Bryn Nelson Smith (born August 11, 1955) is an American former professional baseball player who was a pitcher in Major League Baseball (MLB) from 1981 to 1993.

==Career==
Selected in the 49th round in 1973 as the 779th player, Smith did not sign with the Cardinals. In the winter of 1974, Smith signed with the Baltimore Orioles.

===Montreal Expos===
Smith made his Major League debut with the Montreal Expos after being acquired along with Rudy May and Randy Miller from the Baltimore Orioles for Don Stanhouse, Joe Kerrigan and Gary Roenicke at the Winter Meetings on December 7, 1977. The trade would benefit both teams, as Roenicke became a productive player with the Orioles whilst Smith became a fixture in the Expos rotation for much of the 80s.

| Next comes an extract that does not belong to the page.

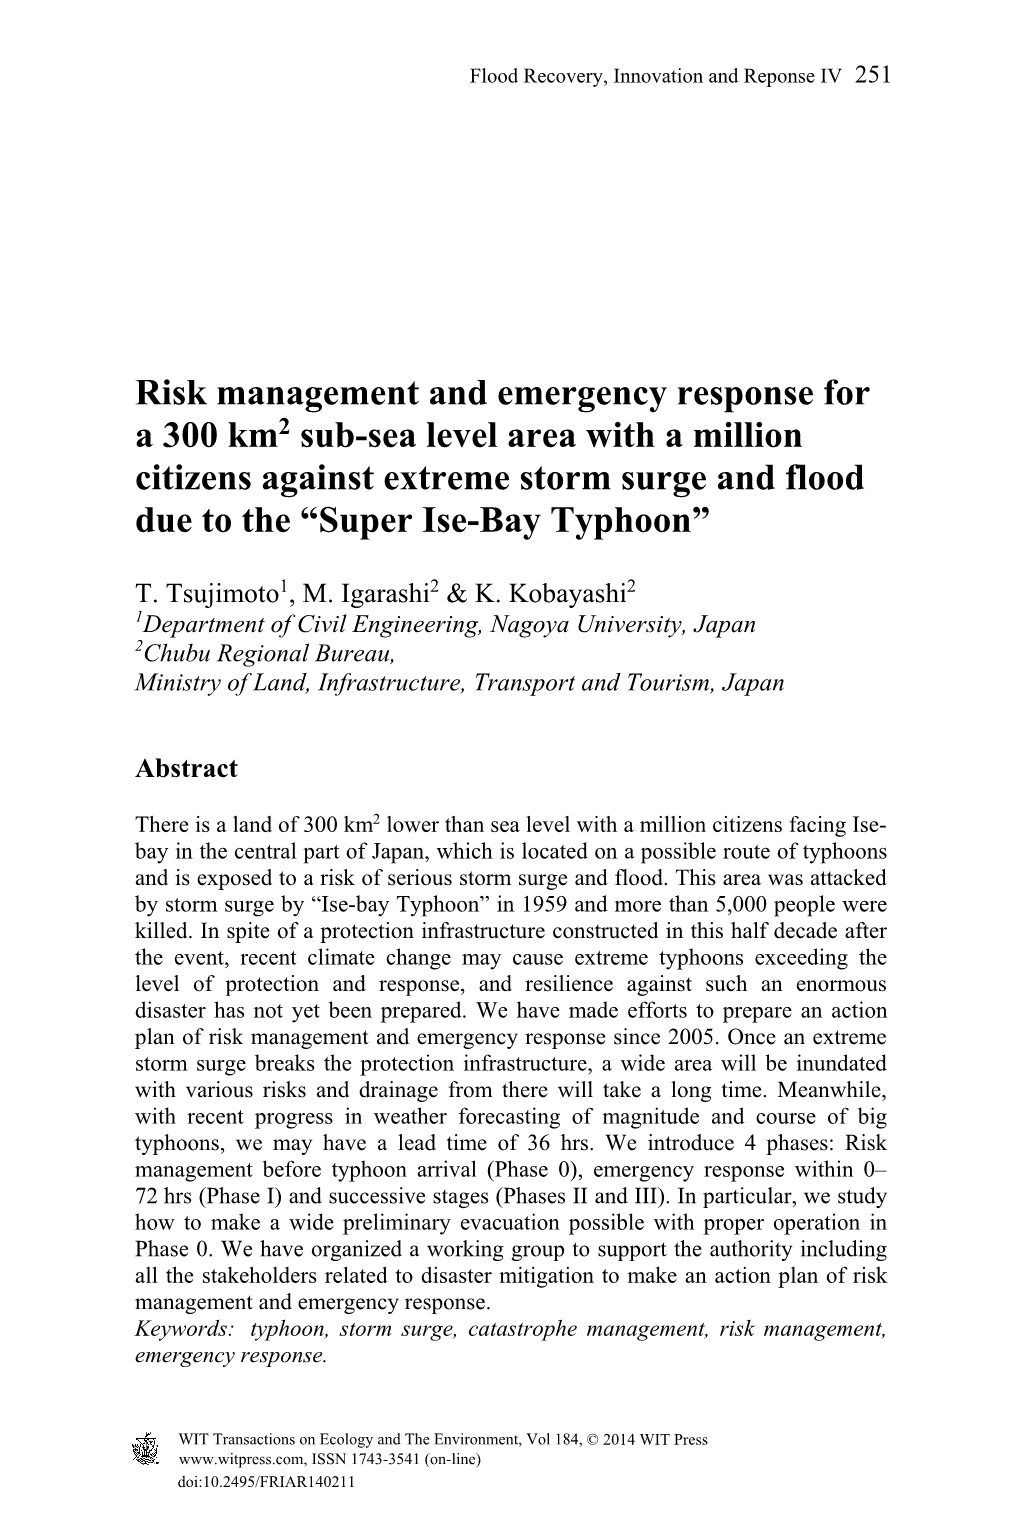 Risk Management and Emergency Response for a 300 Km2 Sub-Sea

Smith made his first start of his career with the Expos on September 29, 1982, against the Philadelphia Phillies. Smith would pitch most of the 1983 season out of the bullpen, but Smith would convert to the rotation full time in August and pitch very well to close out the season. Although Smith recorded a 5–7 record across the last two months of the season, Smith had a 2.36 ERA in 12 starts and 2 relief appearances upon taking up starting duty, including a career high 5 complete games.

Beginning in 1984, Smith earned a full-time spot in the rotation, logging a 3.32 ERA across 179 innings in 28 starts.

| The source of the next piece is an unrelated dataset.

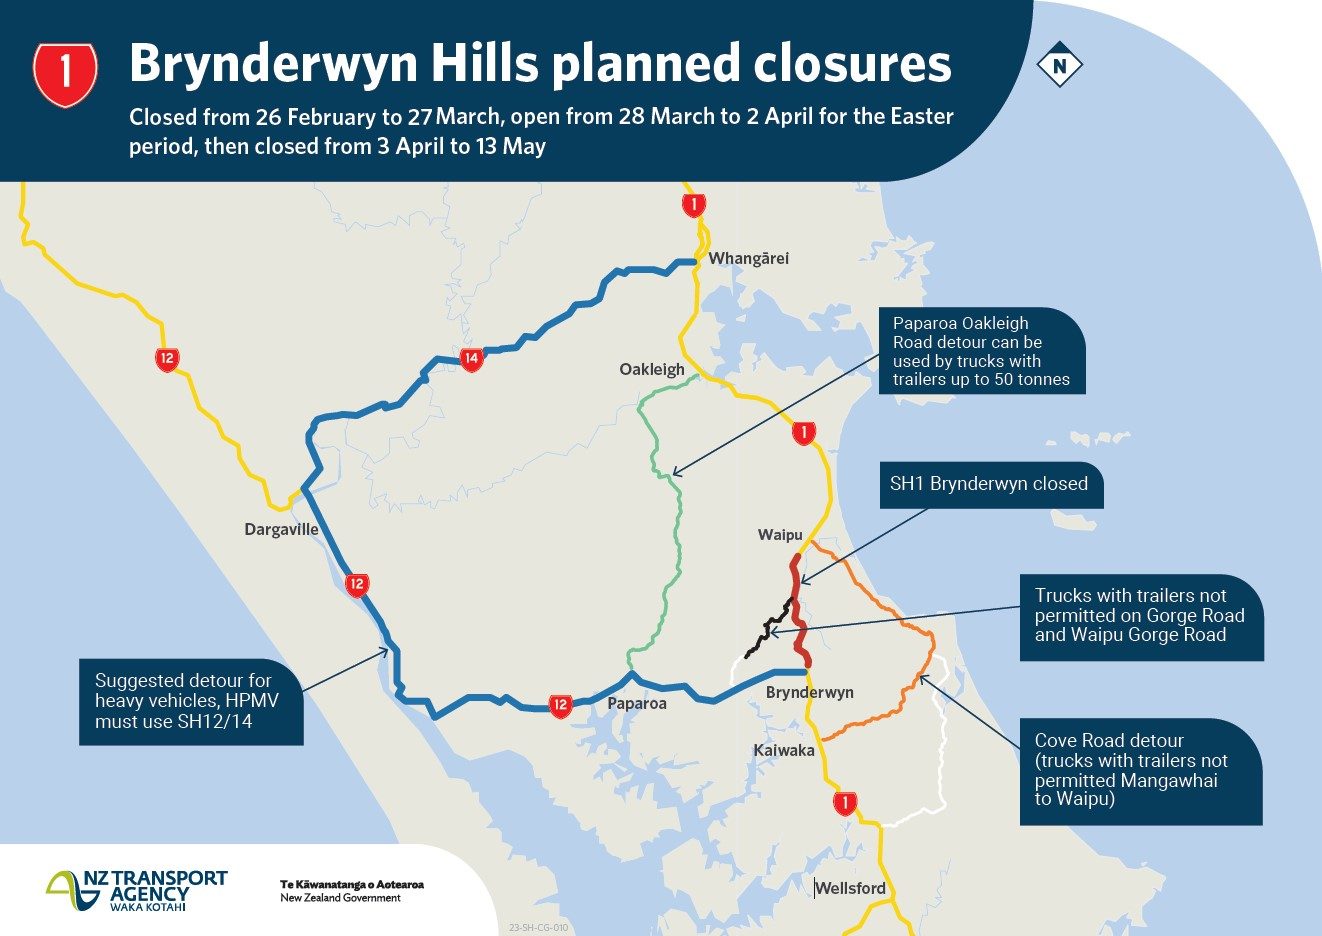 Alternative routes for traffic to bypass SH1 Brynderwyn.

1985 would be one of the best seasons of Smith's career, recording a career-best 18–5 record while registering a 2.91 ERA in a career high 222 1/3 innings. He had a pair of 5-game winning streaks in 1985 and was picked Expo Player of the Month for July by Montreal baseball writers after a 3–1 record and 1.74 ERA.

1986 would see Smith regress to a 3.94 ERA across 187 1/3 innings. 1987 would see Smith miss some time, registering only 26 starts, as he logged a career worst 4.37 ERA with the Expos. Smith would be a free agent at the conclusion of both seasons but re-signed with the Expos both times.

After a pair of middling seasons, Smith would return to form in 1988 and 1989. In 1988, Smith had an even 3.00 ERA across 198 innings, and Smith had the lowest walk rate of all qualified pitchers that season. 1989 would see Smith set a career high in strikeouts (129) while registering a 2.84 ERA over 2152/3 innings pitched, the lowest ERA he ever had as a full-time rotation member. In 1989, he became a subject of teasing when he complained in a Sports Illustrated article about the playing conditions in Montreal, which included the inconvenience of having to drive to Plattsburgh, New York, to buy Dorito chips.

===St. Louis Cardinals===
After the 1989 season, Smith became a free agent and signed a 3-year, $6 million deal with the St. Louis Cardinals. Smith would struggle in his first season with the Cardinals, only pitching 1411/3 innings with a 4.27 ERA. Smith would have his lone full season of pitching with the Cardinals in 1991, delivering a 3.85 ERA over 1982/3 innings.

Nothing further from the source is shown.